“Il genio di Battiato e l’evoluzione dell’elettronica – Intervista …
La scorsa settimana il Maestro Franco Battiato ha spento 75 candeline, e in occasione di tale evento ho avuto l’opportunità di scambiare quattro chiacchiere con Filippo Destrieri. Storico tastierista di Franco, che ha collaborato con lui per tantissimi anni, contribuendo all’unicità del suo sound.
Ecco l’intervista completa:
Ciao Filippo, è un piacere averti sulle pagine di TuttoRock!
Potresti raccontarci com’è nata la tua lunga collaborazione con Franco Battiato?
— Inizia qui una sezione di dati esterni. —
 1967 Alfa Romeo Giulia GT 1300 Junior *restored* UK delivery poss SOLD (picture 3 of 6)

Eravamo negli anni ‘70, nell’ambito della scena progressive milanese, io ero poco più che ventenne. All’epoca già suonavo parecchio in giro per l’Europa, facendo anche molte sostituzioni. Mancava un tastierista in qualche gruppo e chiamavano me. Imparavo tutto il repertorio in un pomeriggio sul furgone insiema alla band e la sera si suonava. Con l’avvento della musica elettronica mi comprai un sintetizzatore, il mitico ARP 2600 favoloso! Ero il primo ad averlo in Italia e così mi chiamo Franco Battiato, sempre attento a tutto. Lui aveva un sintetizzatore VCS3, che gli prese il suo discografico direttamente da Londra. La collaborazione vera e propria inizia con”L’Era del Cinghiale Bianco” e poi da lì è tutto il resto.
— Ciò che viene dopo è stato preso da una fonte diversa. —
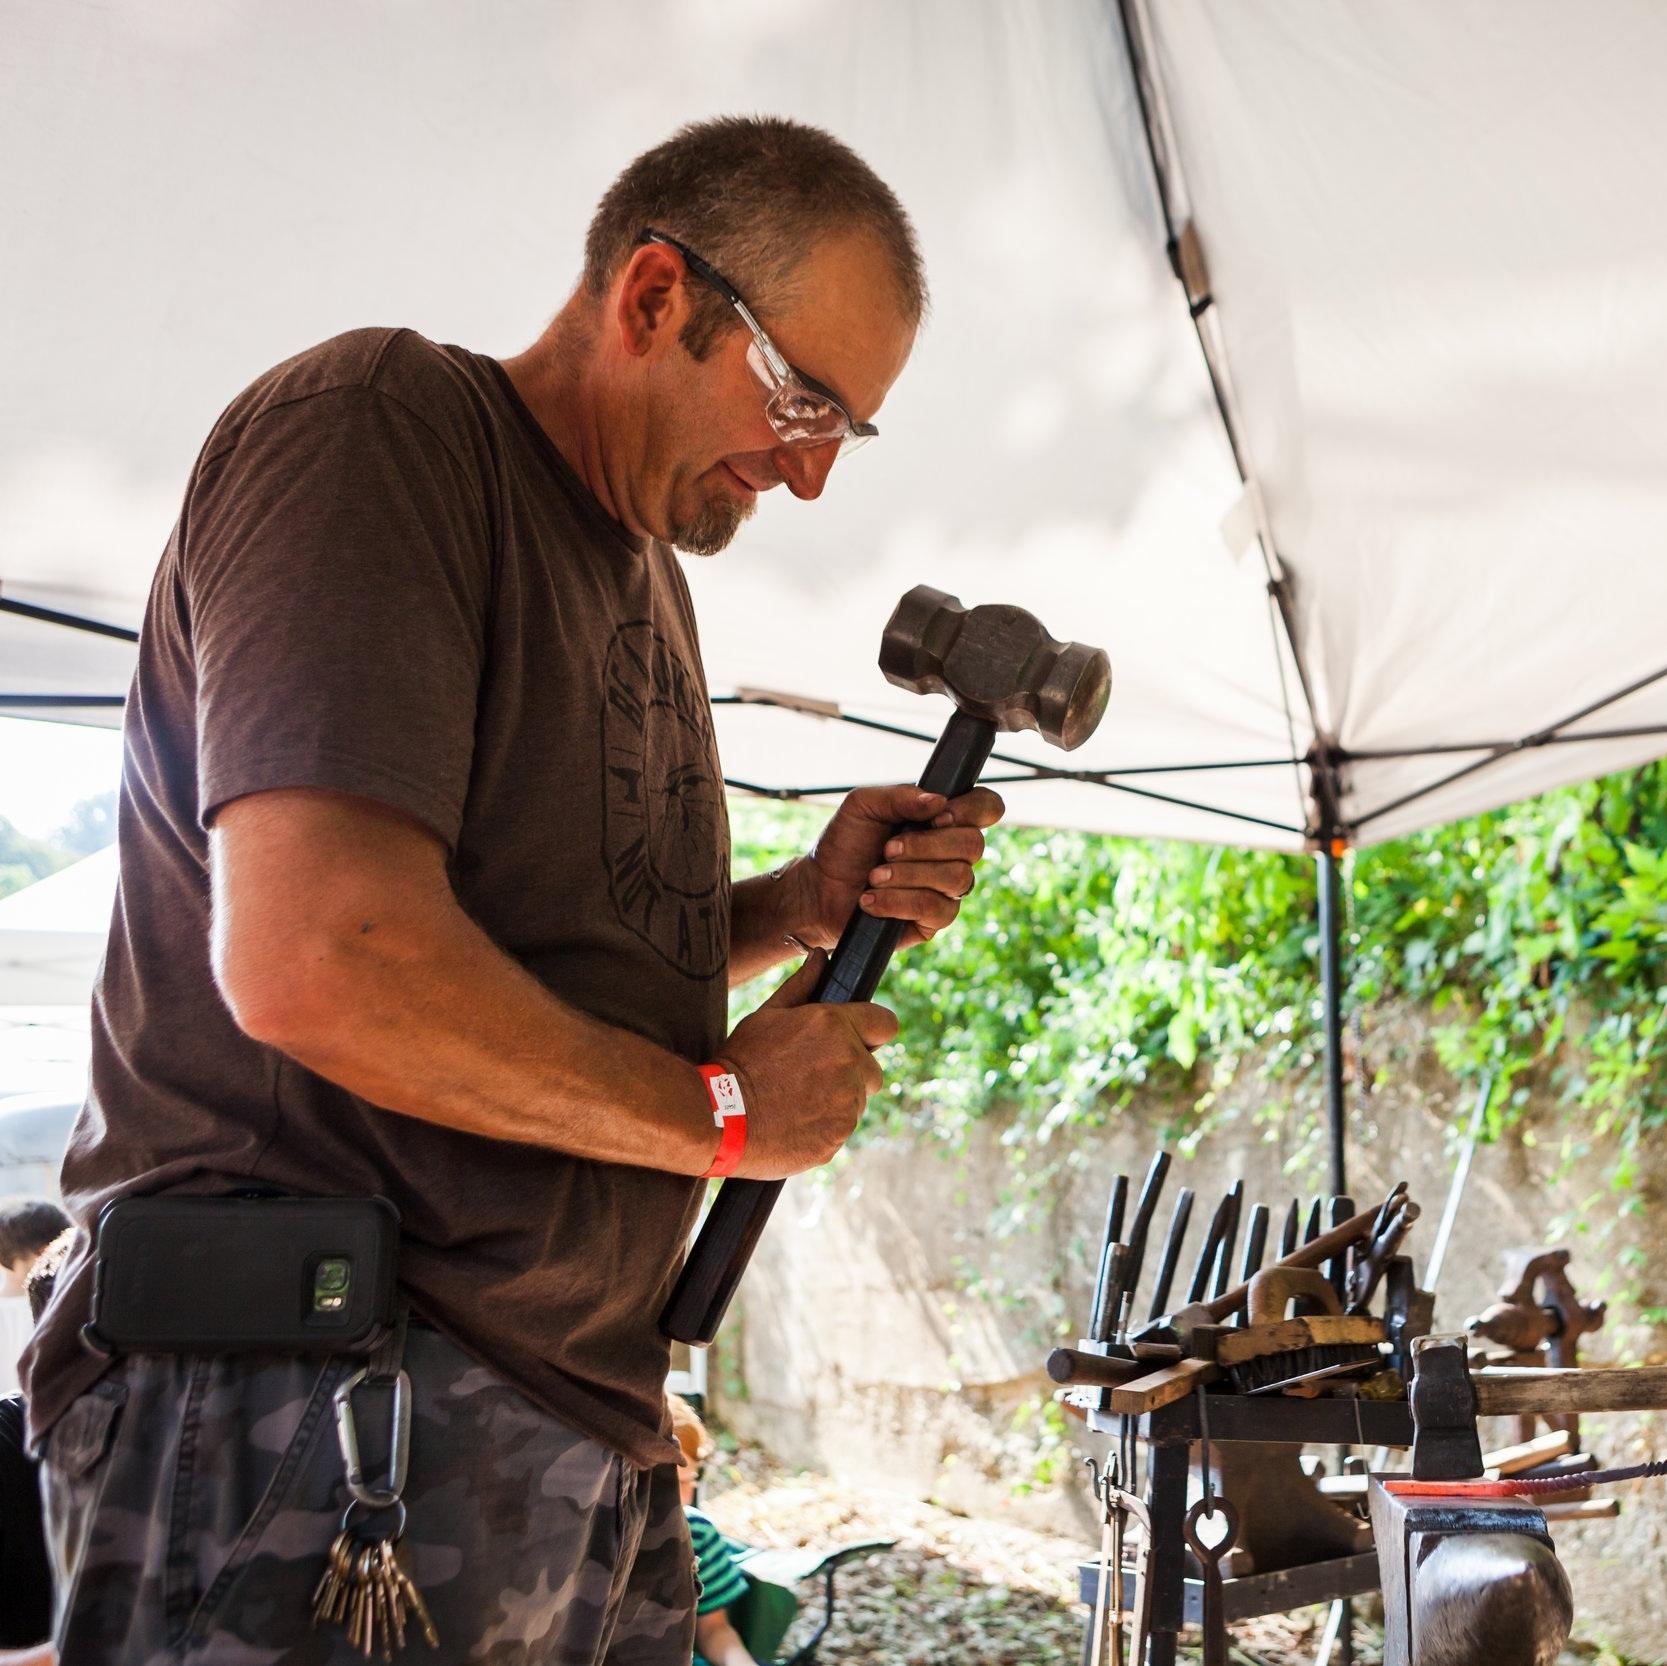 King Forge - Steve King, Blacksmithing since 2003

Negli anni ‘70 Franco si è distinto per aver sfornato altamente sperimentali, a metà strada tra il prog e l’elettronica. Che ricordi hai di quel periodo?
Non suonavo con lui ancora in quel periodo, ma lo seguivo. Eravamo amici, andavamo in giro con la macchina. Tra l’altro, ora che me lo hai fatto venire in mente, negli anni ‘70 facemmo qualcosa insieme ancora prima del Cinghiale Bianco. Franco aveva scritto una performance teatrale dal titolo “Babysitter”. E girammo qualche teatro portandola in giro. Era uno spettacolo molto improvvisato, con revox e nastri magnetici. Lo conoscono veramente in pochi. Io li’ suonavo un pianoforte preparato. Andammo anche in qualche palasport, e ovviamente non venivamo capiti dal pubblico. Un palasport che ti fischia all’unisono è un’esperienza incredibile (ride ndr.) In effetti il rapporto tra il pubblico e la sperimentazione prog ed elettronica è stato bizzarro. Ricordo un periodo durato 6 mesi in cui quando suonavamo le persone ascoltavano ferme immobili, in religioso silenzio. Una volta finito tutto, pretendevano di ballare… Incredibile! Poi io sono un po’ estremista e il concetto del ballare mentre sei ad un concerto non lo capisco. Infatti ho splendidi ricordi di tournée nei teatri con Franco Battiato, dove il pubblico era lì seduto ad assistere con grande attenzione.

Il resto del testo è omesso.